A fine mechanical analysis of a polycrystalline material subjected to large stresses must distinguish between intergranular and crystalline matter because they have different mechanical properties. Homogeneity was an illusion at the grain level. It was shown that a grain boundary under the action of a strong enough in-plane shear stress became unstable, buckling into periodic trenches or a corrugated profile. The former should always occur; the latter demands the existence of steps, intersecting hard particles or triple junctions. Strongly varying stress fields, spontaneously induced to preserve mechanical equilibrium at the grain scale, cause intergranular matter to begin to release and capture vacancies in alternate sectors. The subsequent active lattice diffusion near the buckled boundary causes adjacent crystallites to slide.
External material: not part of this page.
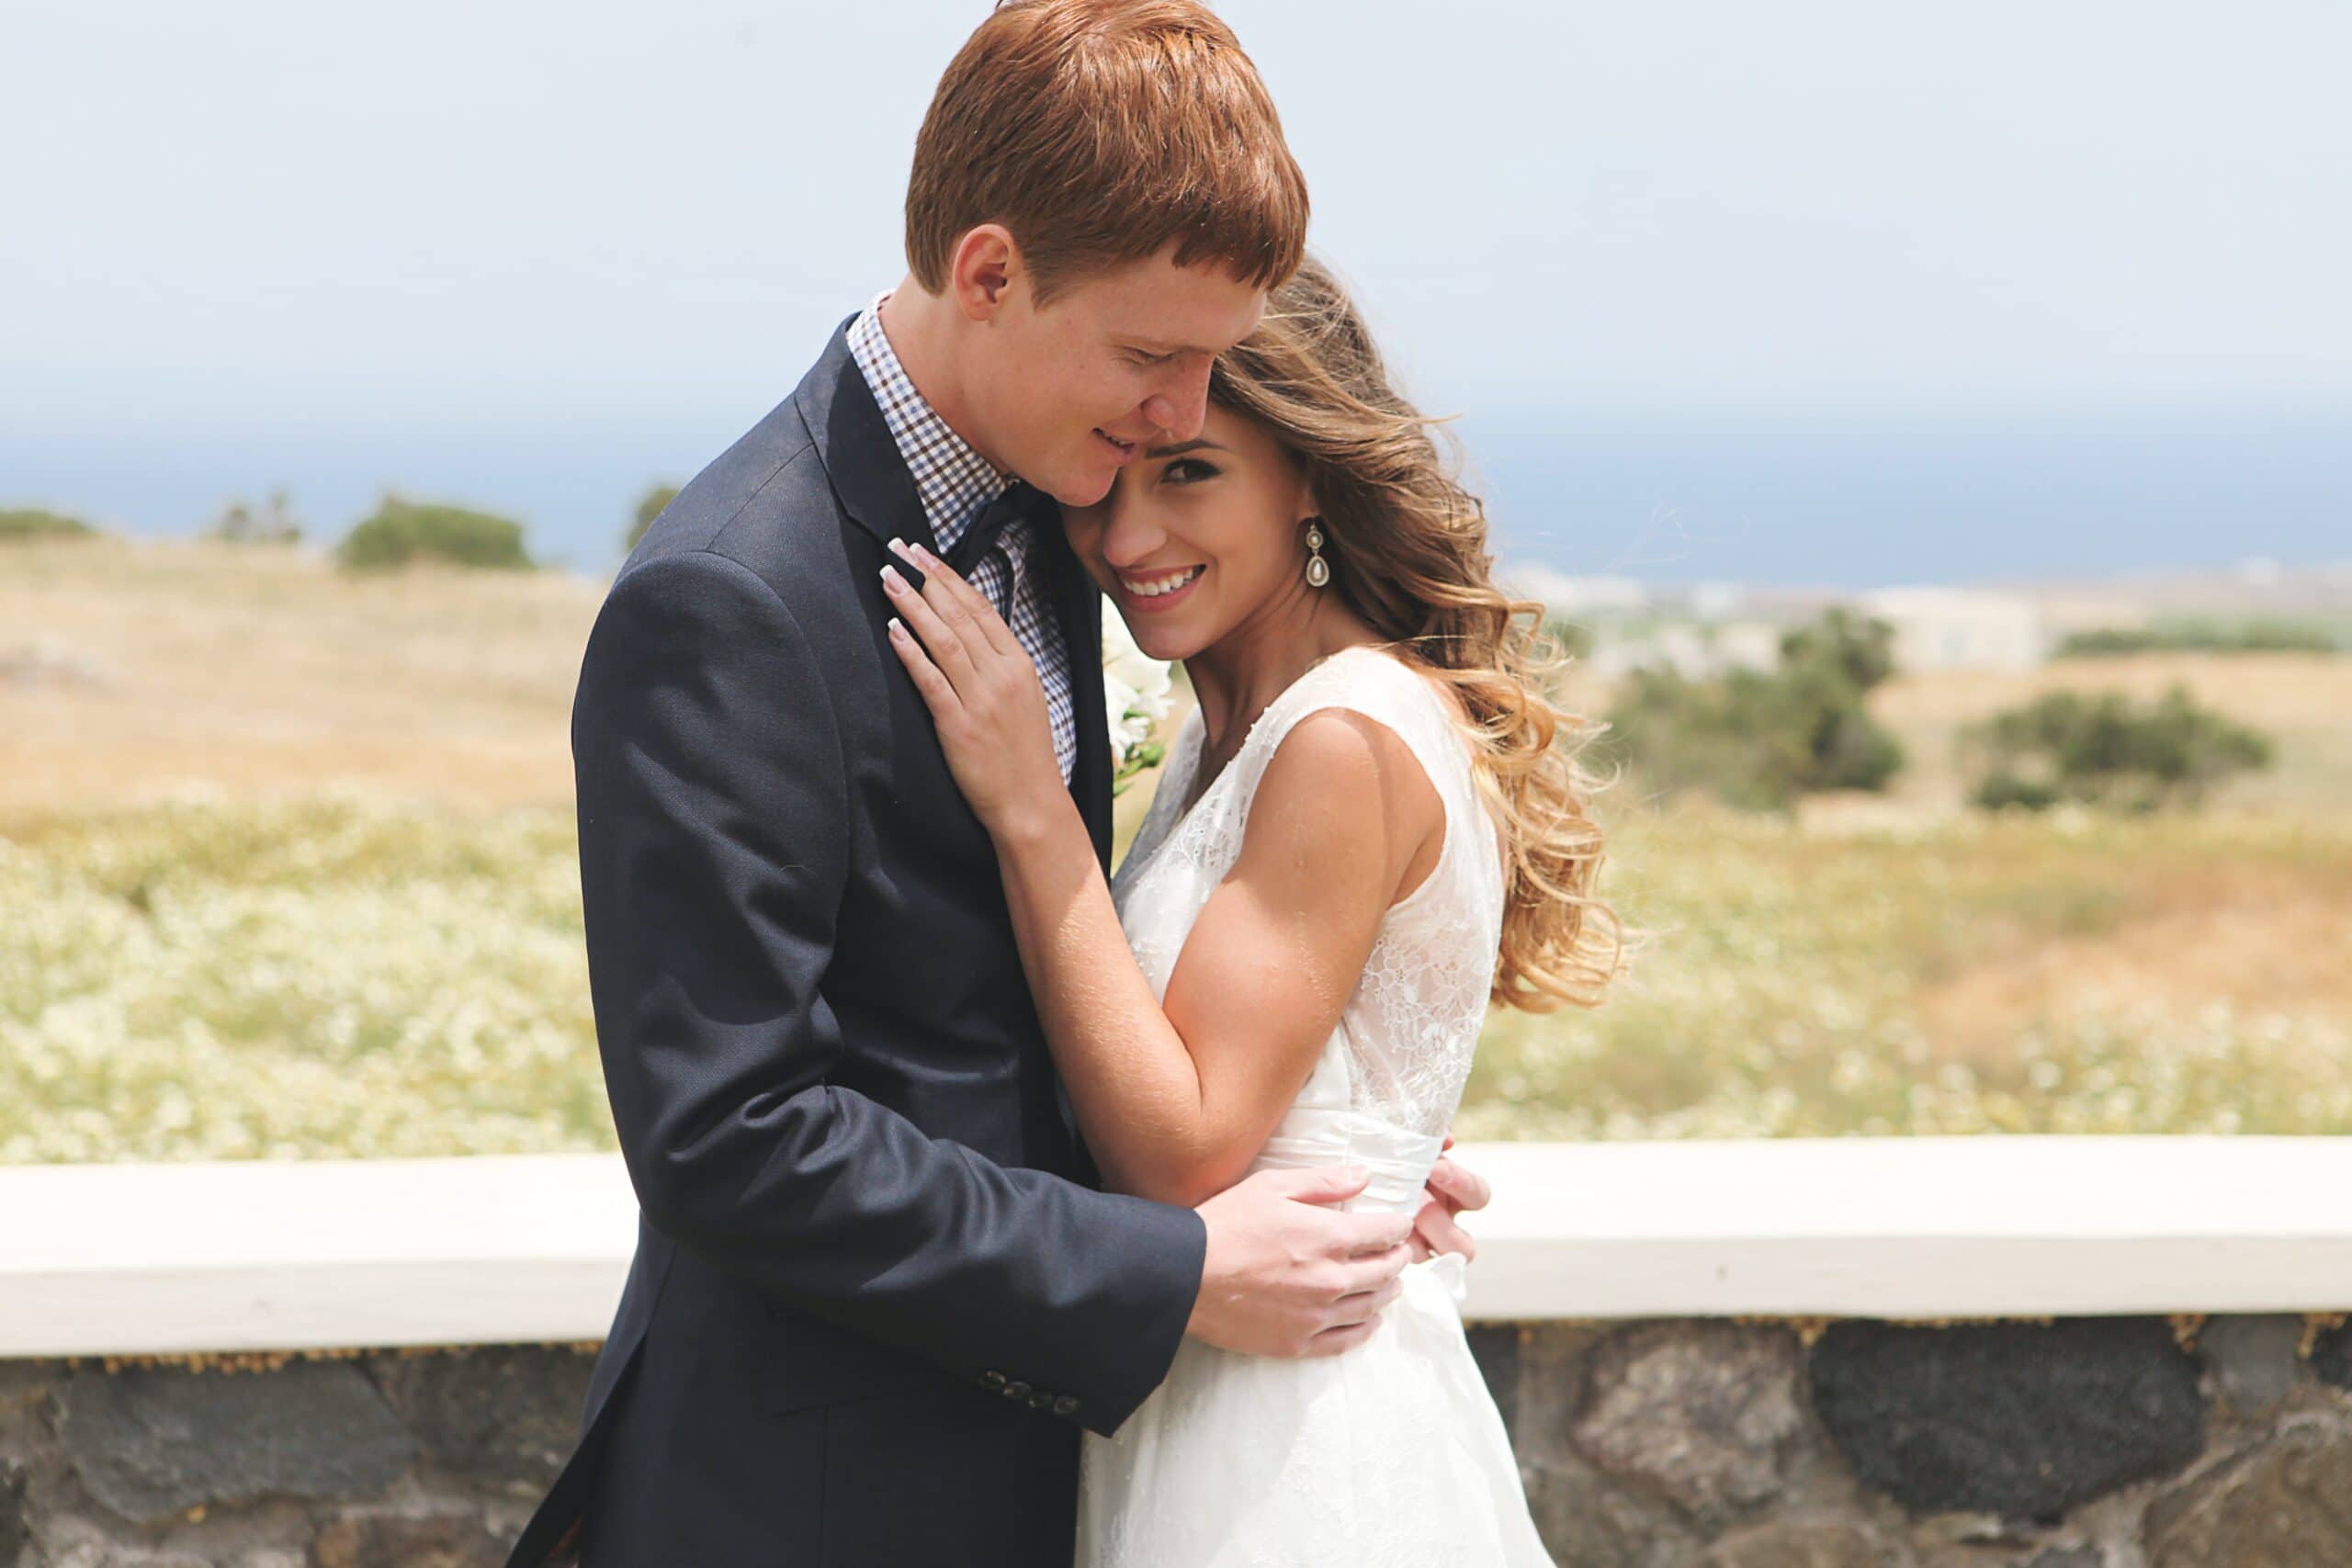 The bride and groom share an intimate embrace on their wedding day, filled with love and joy.

The effect was translated into the macroscopic scale to derive a closed-form constitutive equation relating stress, strain rate, temperature, grain size, and grain boundary thickness, without undetermined parameters. The agreement with available experimental data on the superplastic deformation of alloys, over the whole range of strain rates and temperatures, was remarkable. Applications to Al-8090 SPF, Al-7475, and Ti-6Al-4V were shown. The degradation of superplastic properties at high strain rates or temperatures was explained.

Theory of Superplasticity in Polycrystalline Materials - Stress-Induced Structural Instabilities of Grain Boundaries. M.Lagos: Physical Review B, 2005, 71[22], 224117 (15pp)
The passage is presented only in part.